**About this exercise**
Down to the last line, set down the material below exactly; skip the pictures.

**Stored data**
%%
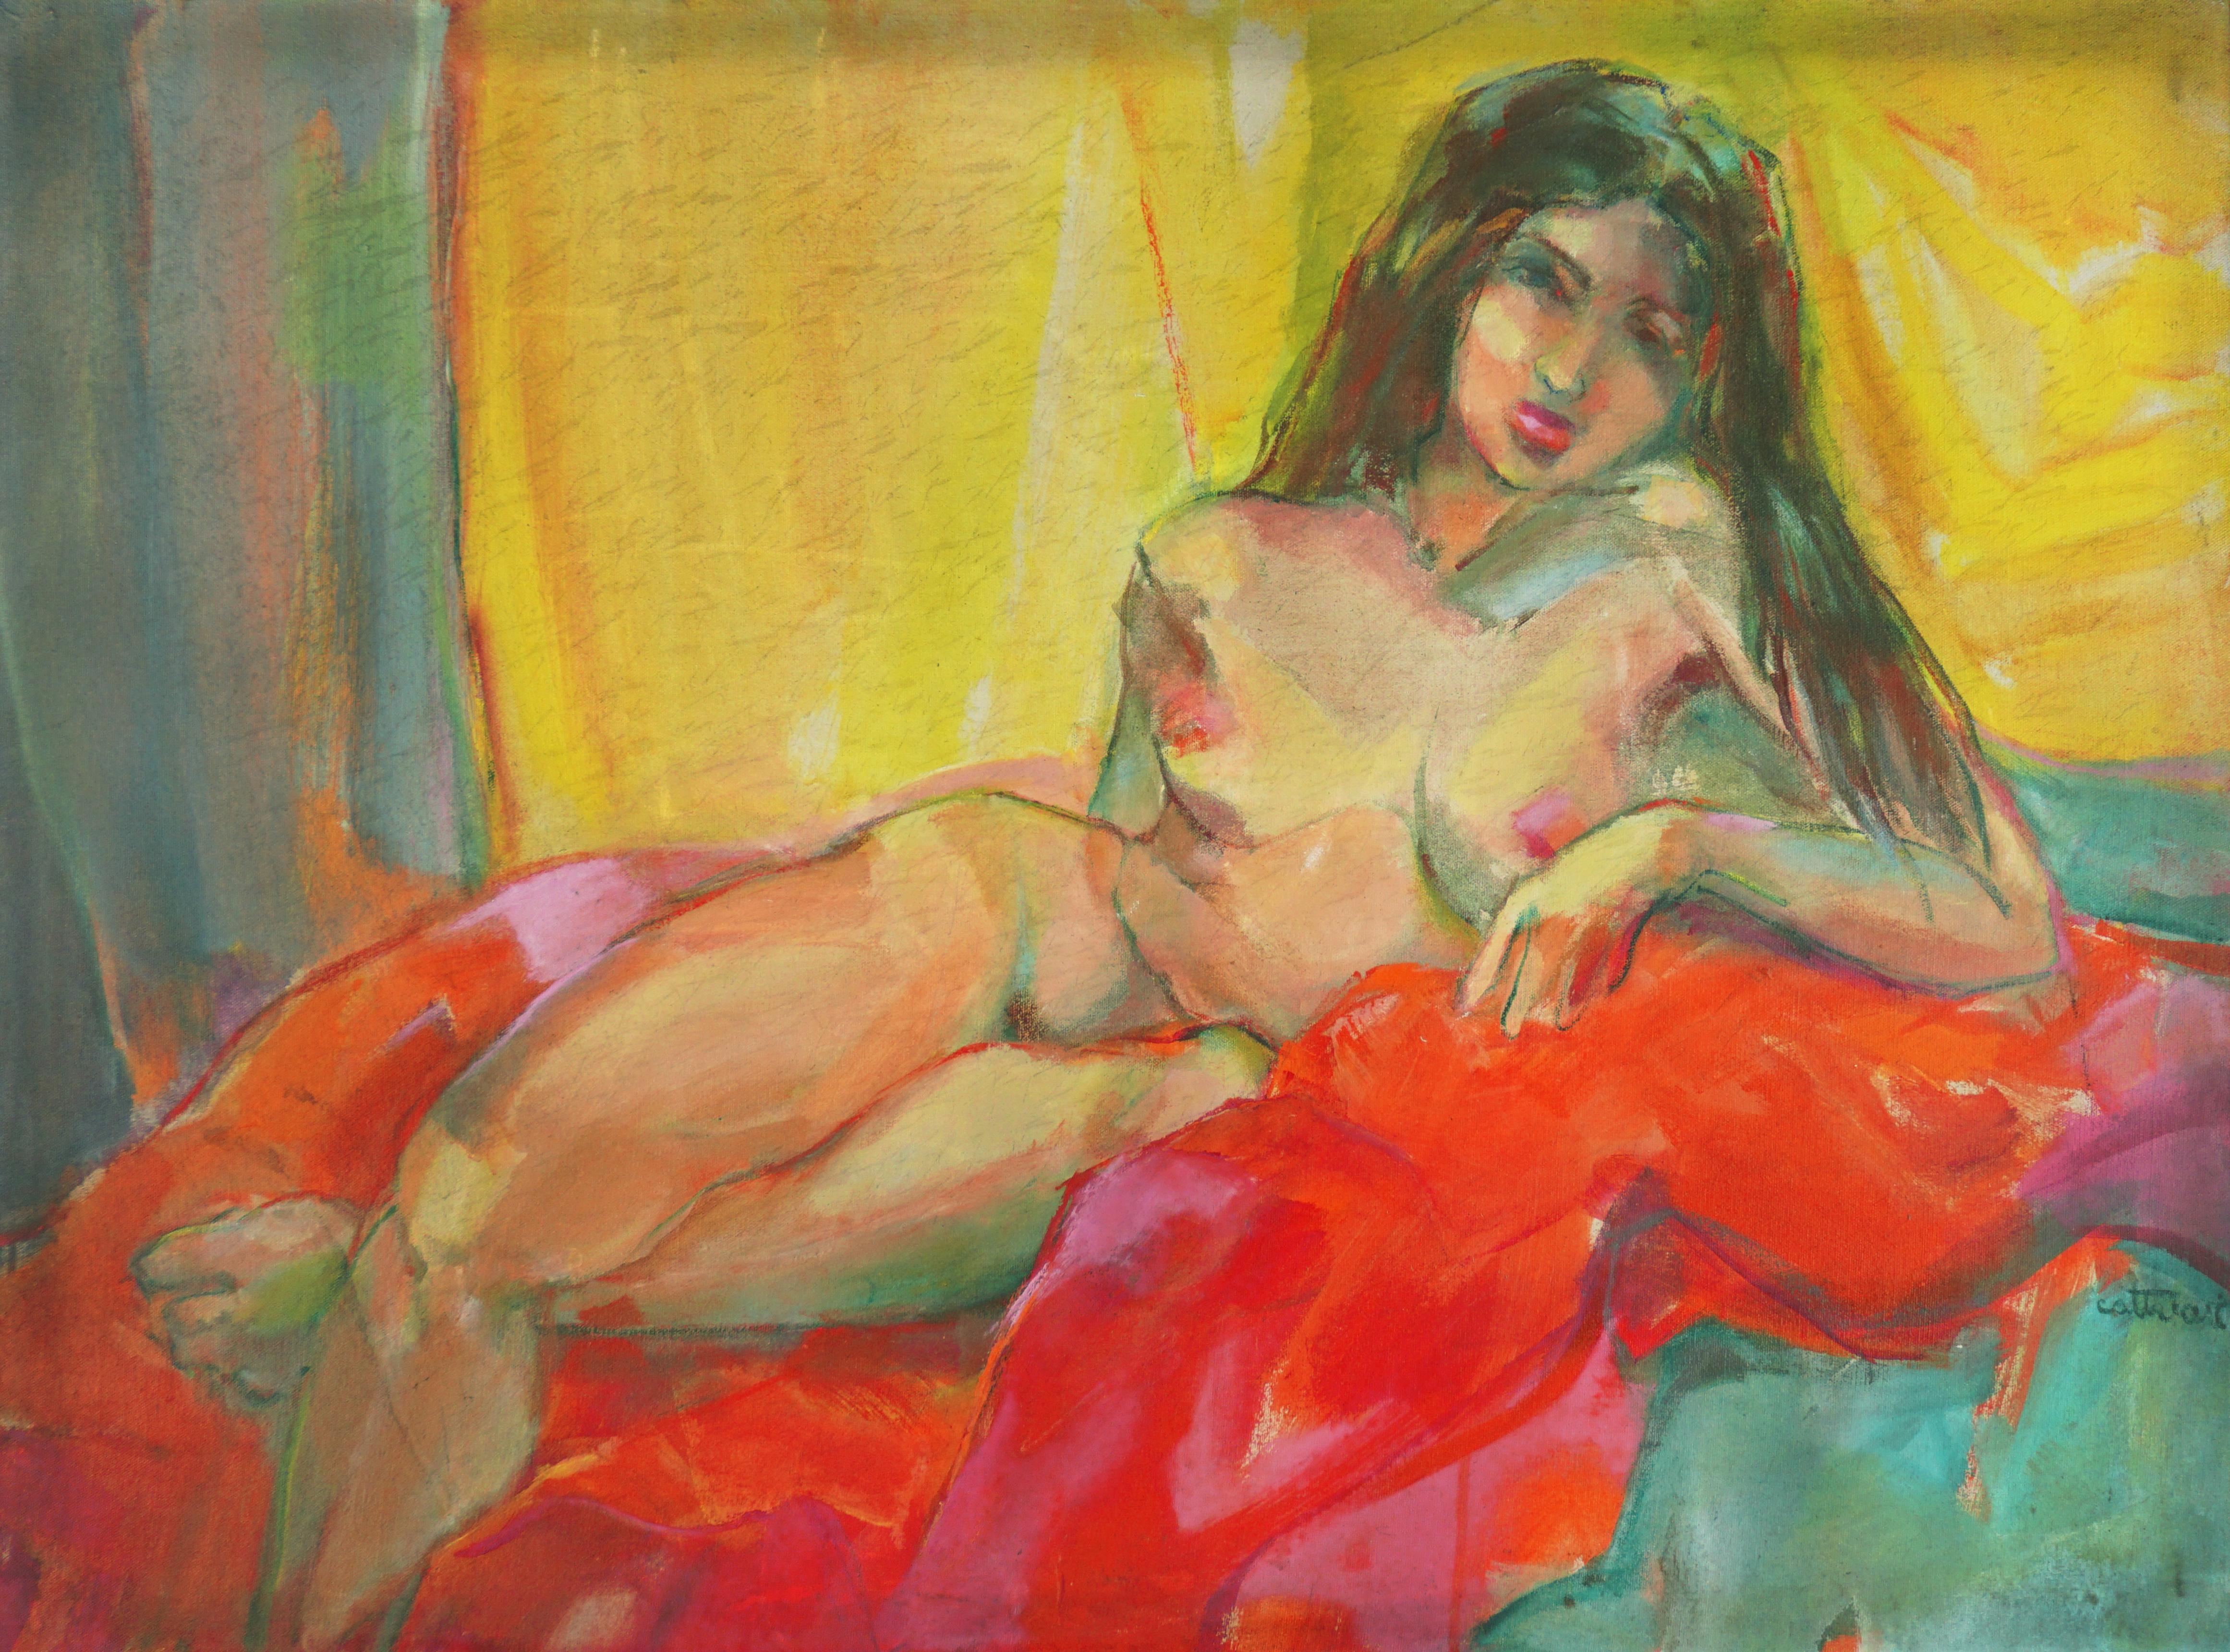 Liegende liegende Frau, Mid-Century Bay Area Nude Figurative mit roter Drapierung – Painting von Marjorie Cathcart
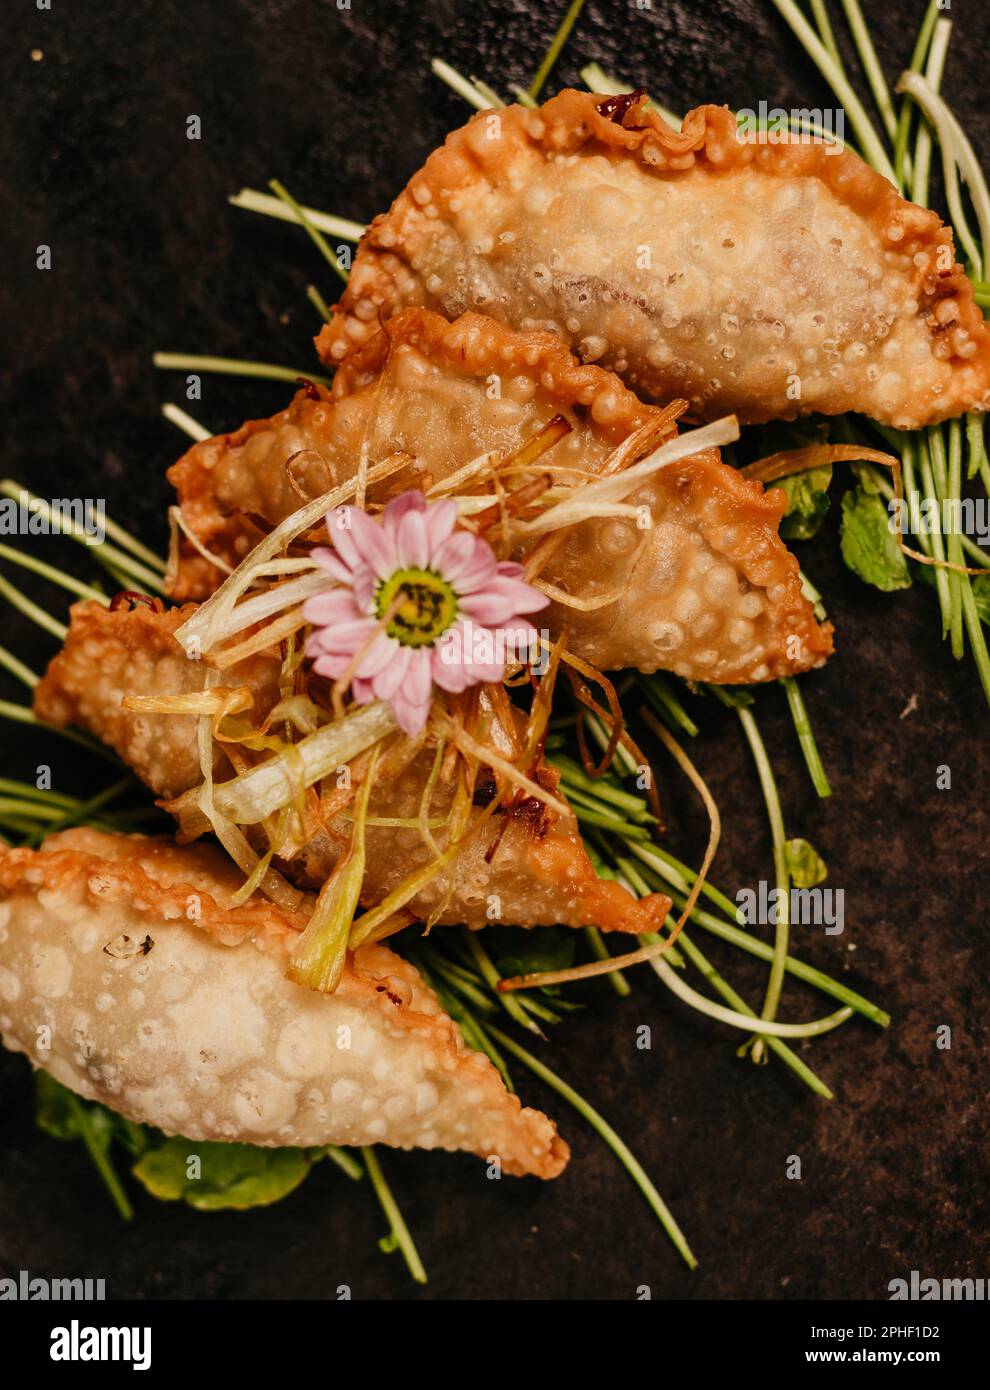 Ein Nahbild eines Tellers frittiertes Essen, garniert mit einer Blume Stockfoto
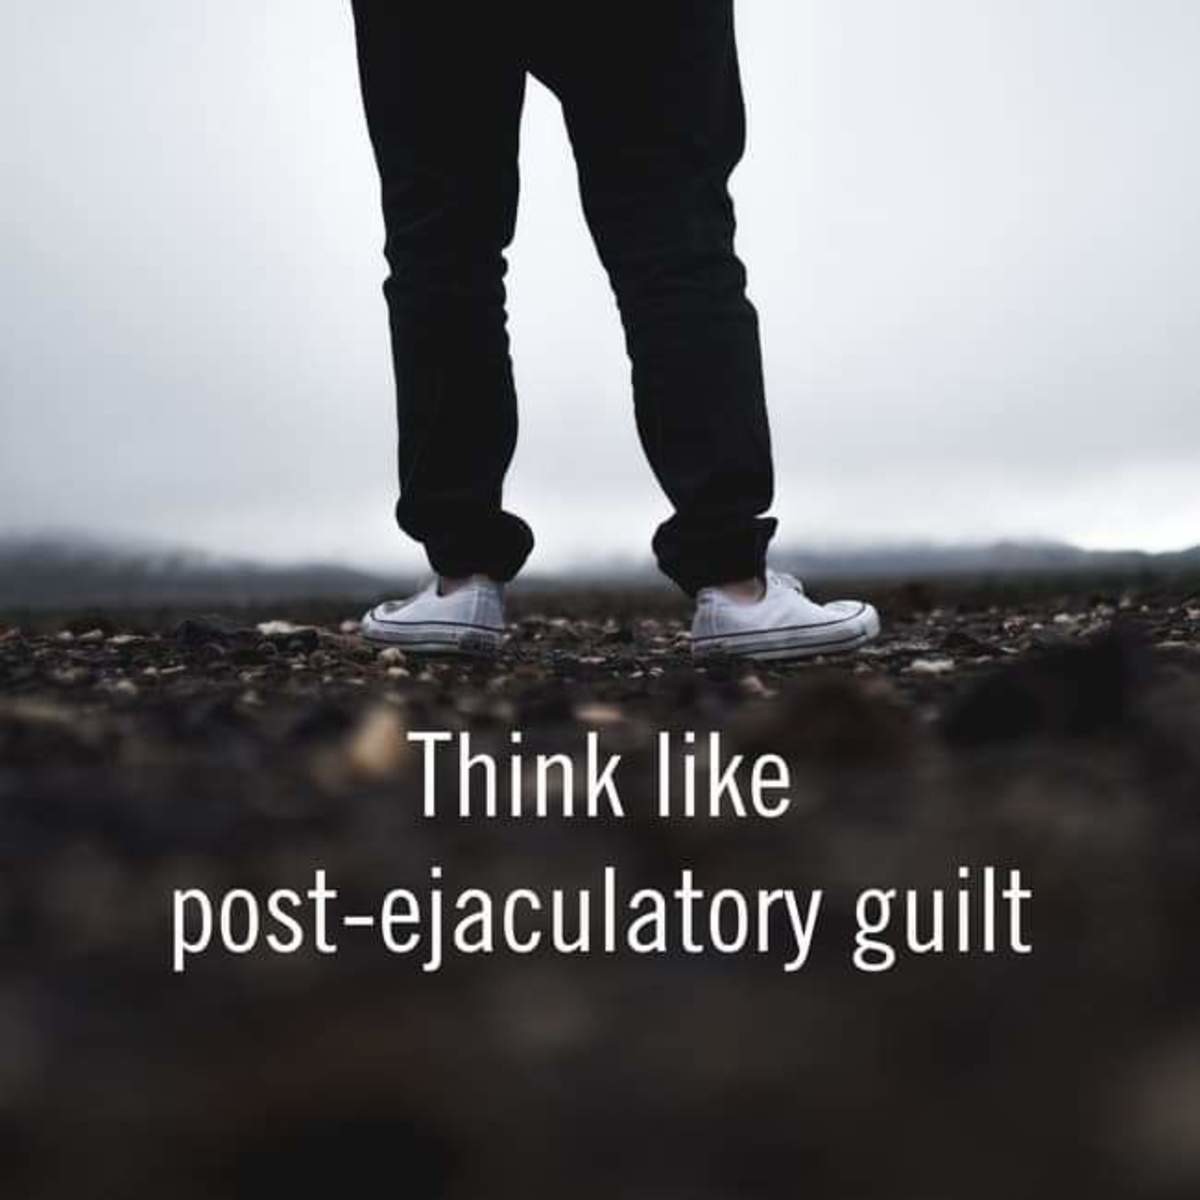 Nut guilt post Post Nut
%%
**Written reply**
 Liegende liegende Frau, Mid-Century Bay Area Nude Figurative mit roter Drapierung – Painting von Marjorie Cathcart
 Ein Nahbild eines Tellers frittiertes Essen, garniert mit einer Blume Stockfoto
 Nut guilt post Post Nut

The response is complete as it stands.